Sensible Sentencing Trust slammed

Garth McVicar
Garth McVicar
A Prisoner aid group has come out swinging at the Sensible Sentencing Trust, saying the trust offers a "moral workout" for the white middle-classes and its propositions will not result in a less violent society.

In light of the publicity the Sensible Sentencing Trust received after its annual conference last week, Prisoner Aid and Rehabilitation Service (Pars) national director Lyanne Kerr said the trust was a select victims' club whose policies went against the bulk of research on improving criminal justice systems.

But trust head Garth McVicar said he was used to such criticism, and welcomed the debate.

"It's the typical sort of knee-jerk reaction we expected from what we are proposing. There are opponents everywhere where people wanted to introduce these sorts of policies."

Mrs Kerr said she did not believe the trust was really interested in public safety, "because if they were, you would be doing things a lot differently to what they are doing".

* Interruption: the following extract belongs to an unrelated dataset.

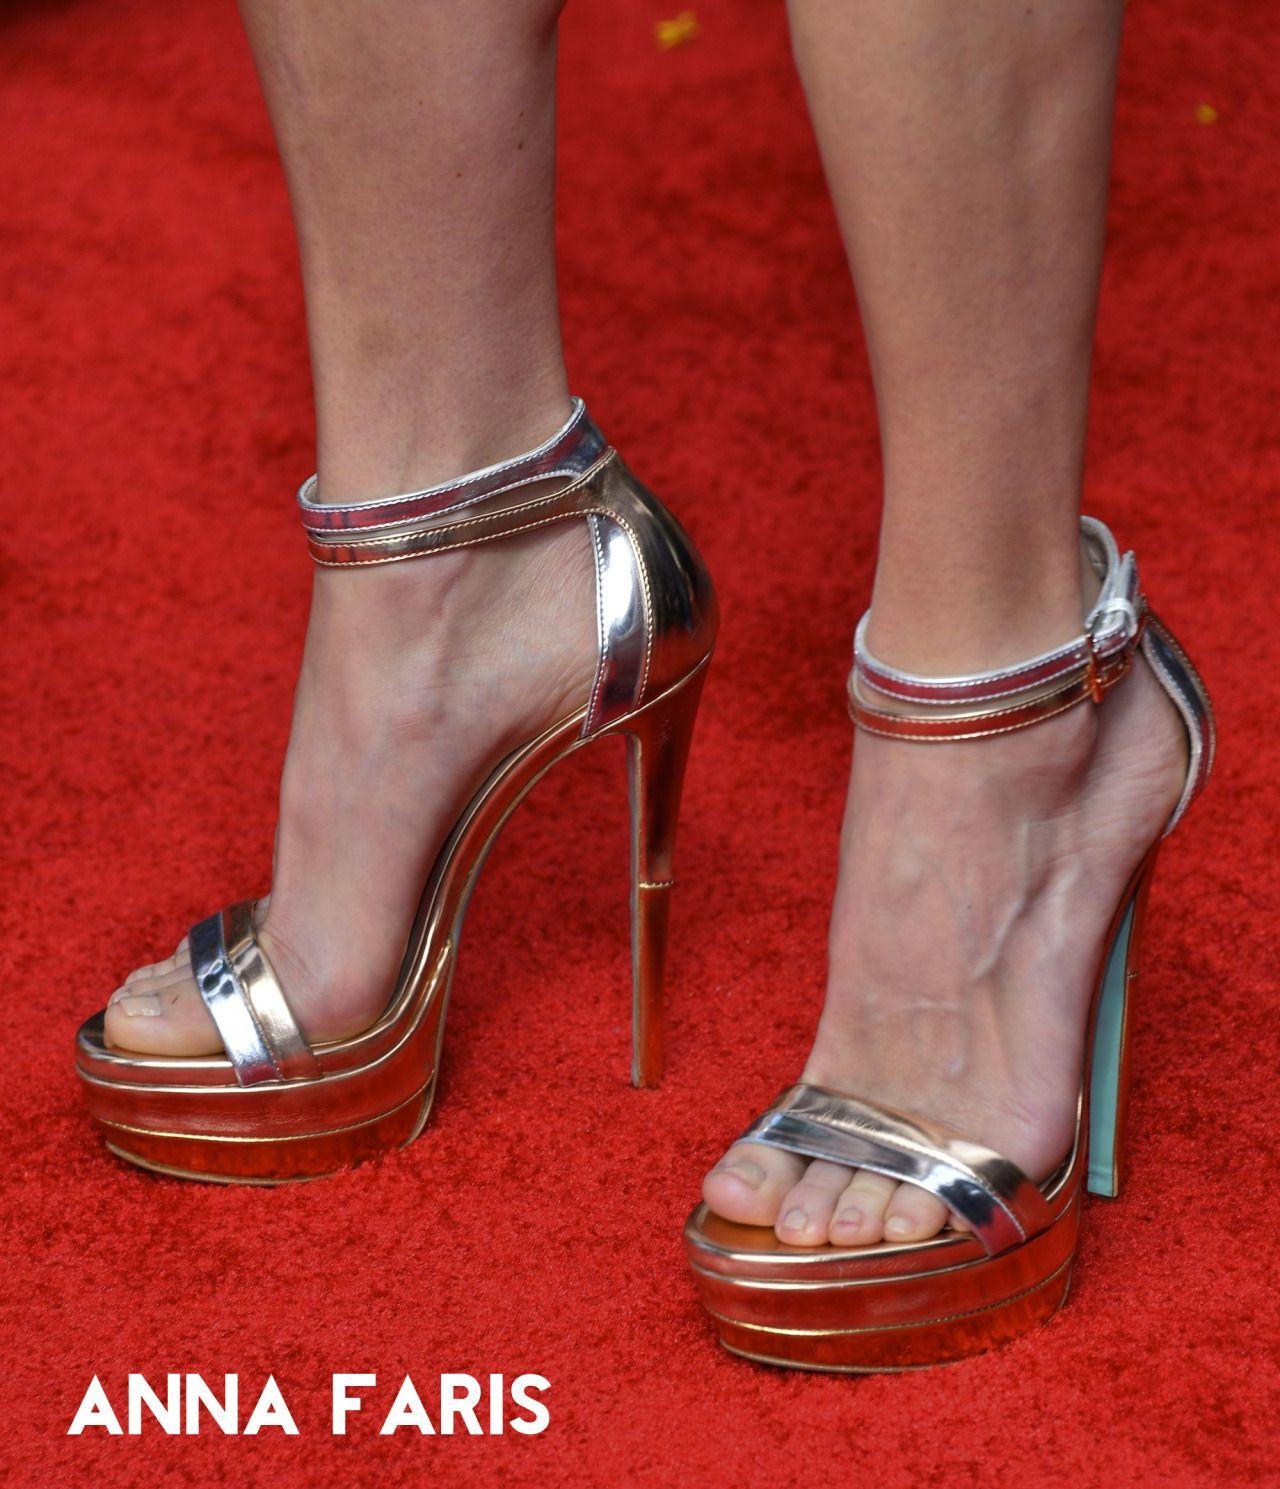 Anna faris feet feetvip heels pinterest anna faris anna faris feet feetvip voltagebd Choice Image

Giving people longer, harsher sentences and making parole and bail harder to get and keep, resulted in more people in prisons.

"That is why the prisons are bulging now, because people are being caught much more. If these people could meet deadlines and deal themselves with their mental health and drug and alcohol issues, they would be functioning people like you and me."

The trust wanted the system's emphasis to be on victims, but often offenders were victims too, Mrs Kerr said.

"When they are 2 or 3, like James Whakaruru or Lily Bing, we feel terrible if they are beaten to death, but when the kids that survive those beatings or the other hideous things that might happen to them [later commit crime], we have no tolerance for them."

Saying things like "You do the crime, you do the time" was all well and good, but people did not realise most people eventually came out of prison.

"And they might live next door to you or me.

So if you put them in cells and you treat them like animals, they're not going to be nice when they come out."

The trust had gained so much popularity because it consisted of white, middle-class people who said what people wanted to hear.

"These are not people who would go down to a gang pad or know anything about what's happening there. To them, it seems nice to kick into a bunch of people who no-one's going to stick up for.

"It's a bit of sport, a bit of a moral workout; it makes you feel good. We don't trust our politicians any more so we take this vigilante approach."

In 10 years, when the prison population was huge, people would be ashamed they had taken up "this stupid tactic" instead of giving people some skills and keeping them out of jail, she said.

"If things were as simple as what Garth McVicar says, I would want to do it, too. But it's not. It makes things worse and then there's more dysfunctional people, more boys growing up without a dad because he's banged up."

Mr McVicar said Mrs Kerr's comments were another example of an "excuse-driven mentality".

The argument that offenders were victims too was what got New Zealand into "this pickle" in the first place, he said.

For a long time, people had tried to sort out the criminal justice system using the philosophy that everybody could be rehabilitated, he said.

"But that's obviously not true. For the safety of the community, they need to be locked away. I don't really care if they had a bad background or whatever. I feel sorry for them, but we can't rehabilitate some of them. People have got to accept that."

He rubbished Mrs Kerr's claim that some people did not have choices to turn themselves around.

He knew people who had had a bad background and upbringing, but had managed to turn their lives around.

"It is possible; of course it is."

He denied the trust was an exclusive organisation.

Its membership involved a wide range of people, including members of some offenders' families.

The trust did not approach victims and never would, but anyone at all could approach it, he said.

With regards to the research, studies showing that the policies the trust promoted worked had been done and had even been presented to various political parties, which had not rejected them.

He had no problem with groups such as Pars raising the issues as long as they were doing something to change the situation, Mr McVicar said.

"What I do have a problem with is that they are so verbal and hateful in their criticism of us. I have a huge problem with that because all we are is a bunch of New Zealanders who are saying it's time we had a re-think about where we are going as a nation."

He accepted the policies the trust propounded would not change things instantly, either.

"There's no magic pill to cure this thing . . . We'll be part of the solution. The bigger part of the solution is for the country to have a debate around positive parenting, the role of mums and dads in this whole thing.

"I think that's a debate we are going to have to have. And we're quite happy to take the hiding that we get from people that oppose us because it has instigated a discussion that we always needed to have."